* _Stored data_
.....

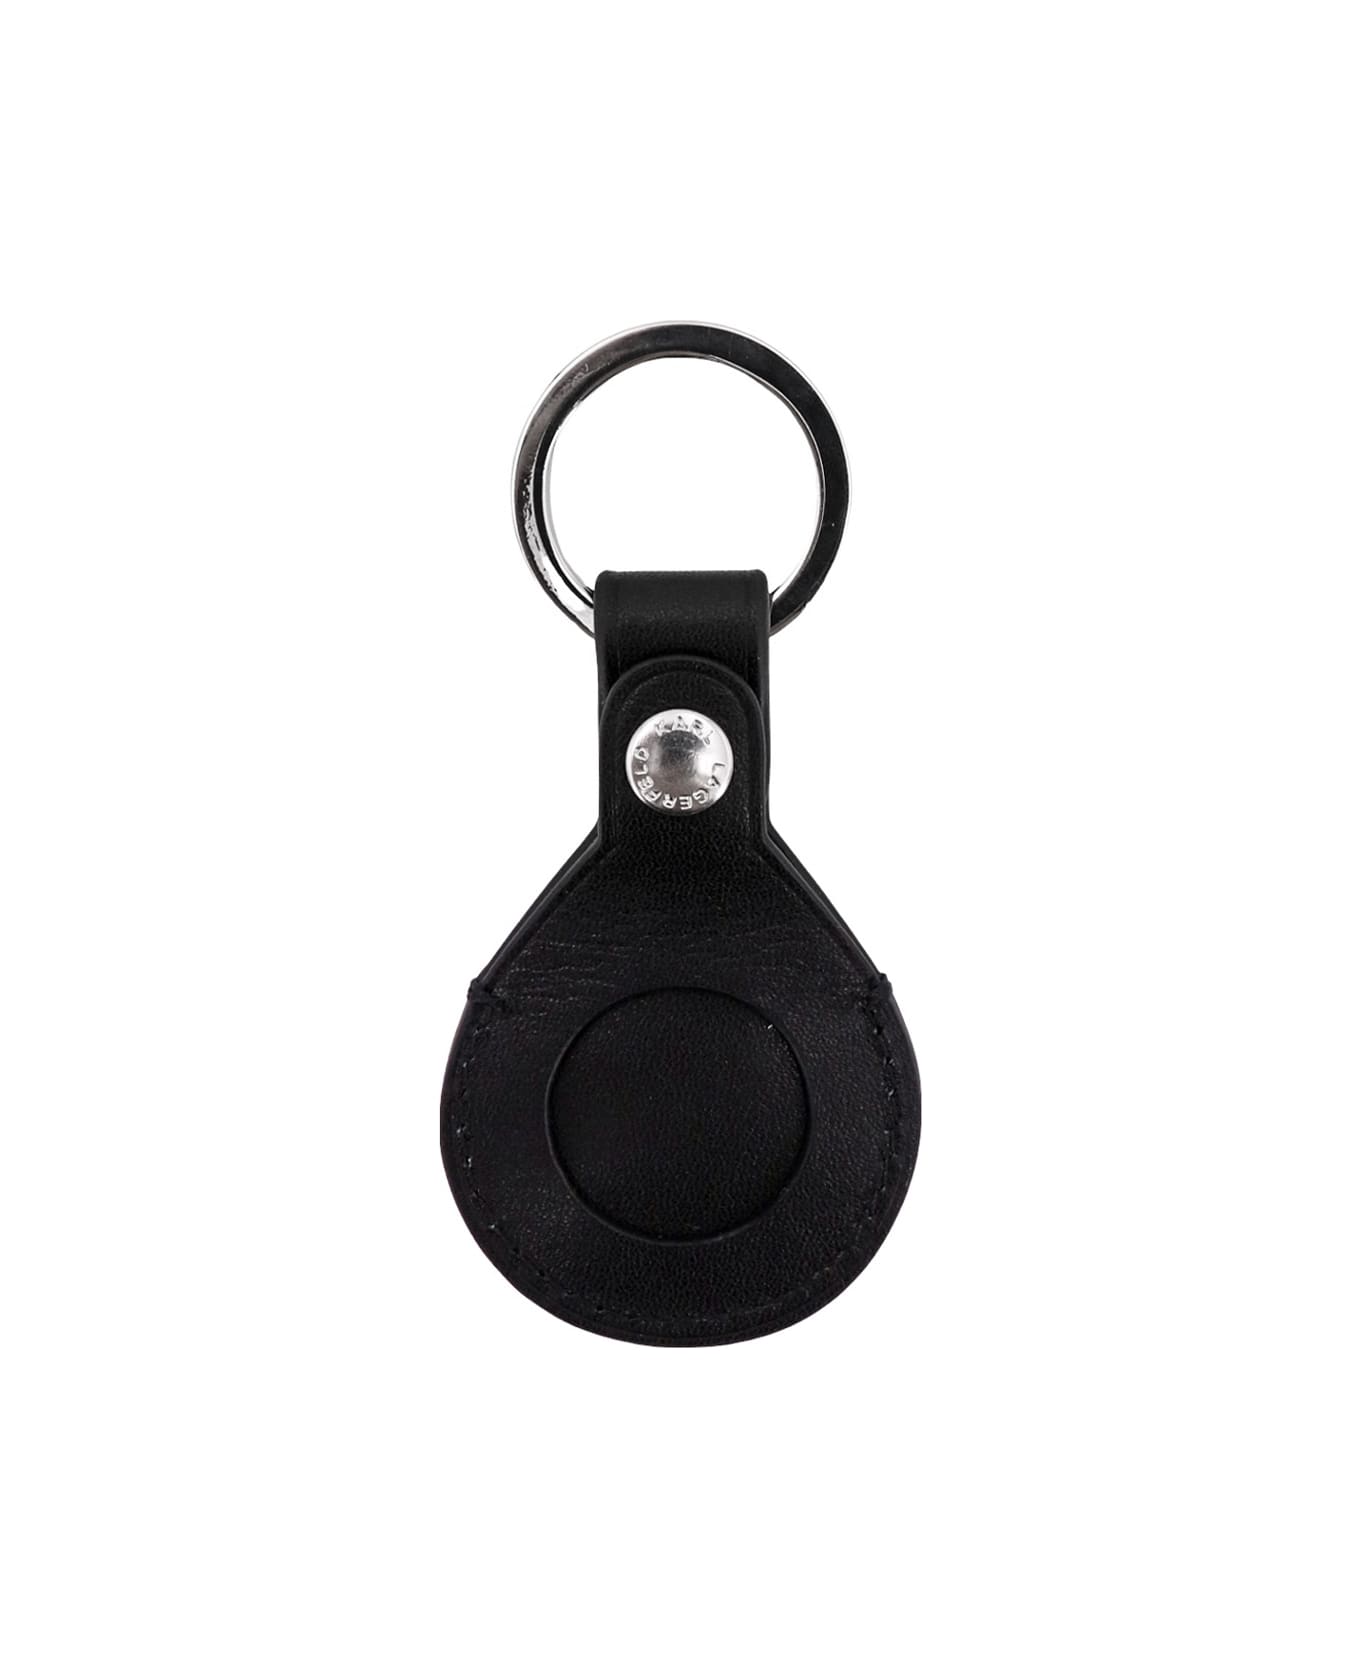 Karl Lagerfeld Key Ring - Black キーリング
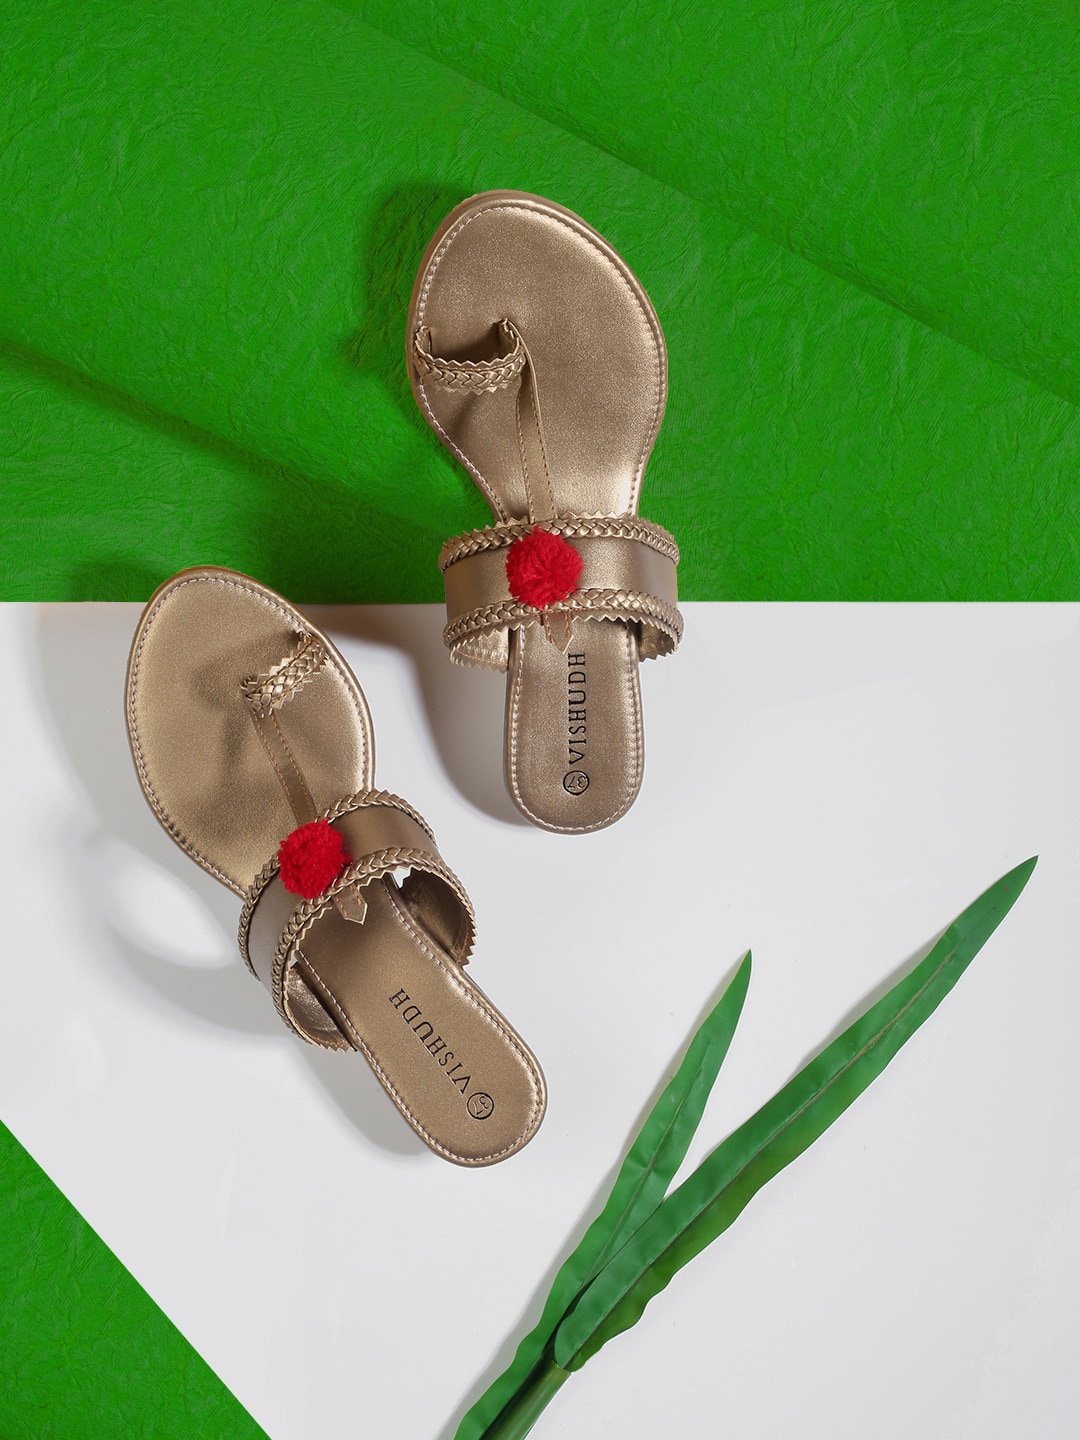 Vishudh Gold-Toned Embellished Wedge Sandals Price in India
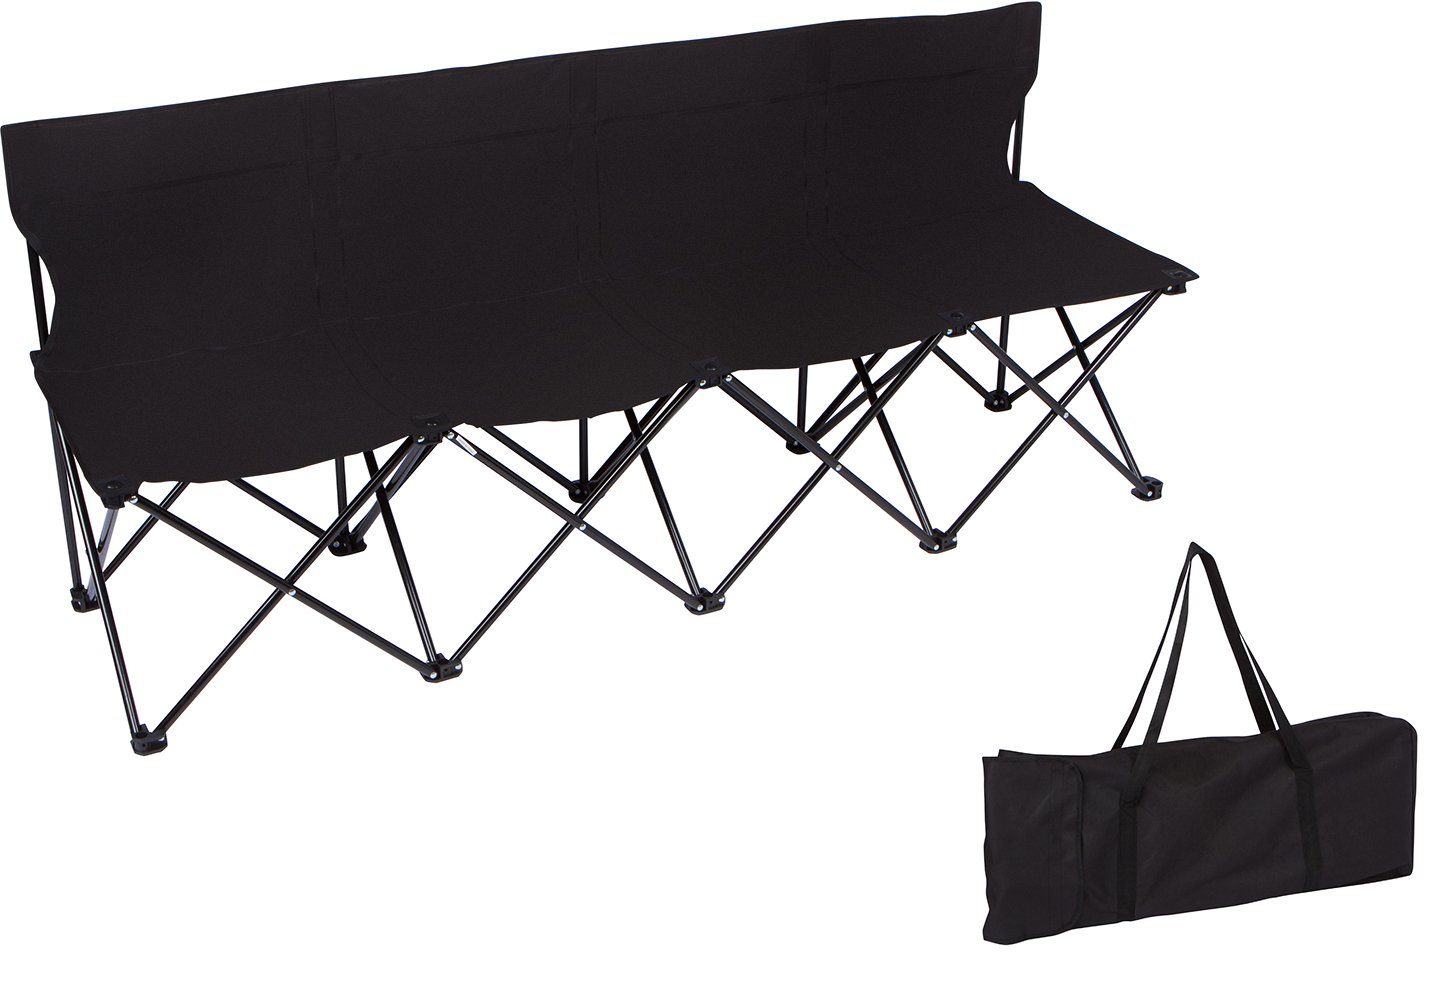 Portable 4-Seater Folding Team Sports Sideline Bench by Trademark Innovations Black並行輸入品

.....

* _What the task asks_
Exclude every picture and copy the remaining data exactly.

* _Answer space_
 Karl Lagerfeld Key Ring - Black キーリング
 Vishudh Gold-Toned Embellished Wedge Sandals Price in India
 Portable 4-Seater Folding Team Sports Sideline Bench by Trademark Innovations Black並行輸入品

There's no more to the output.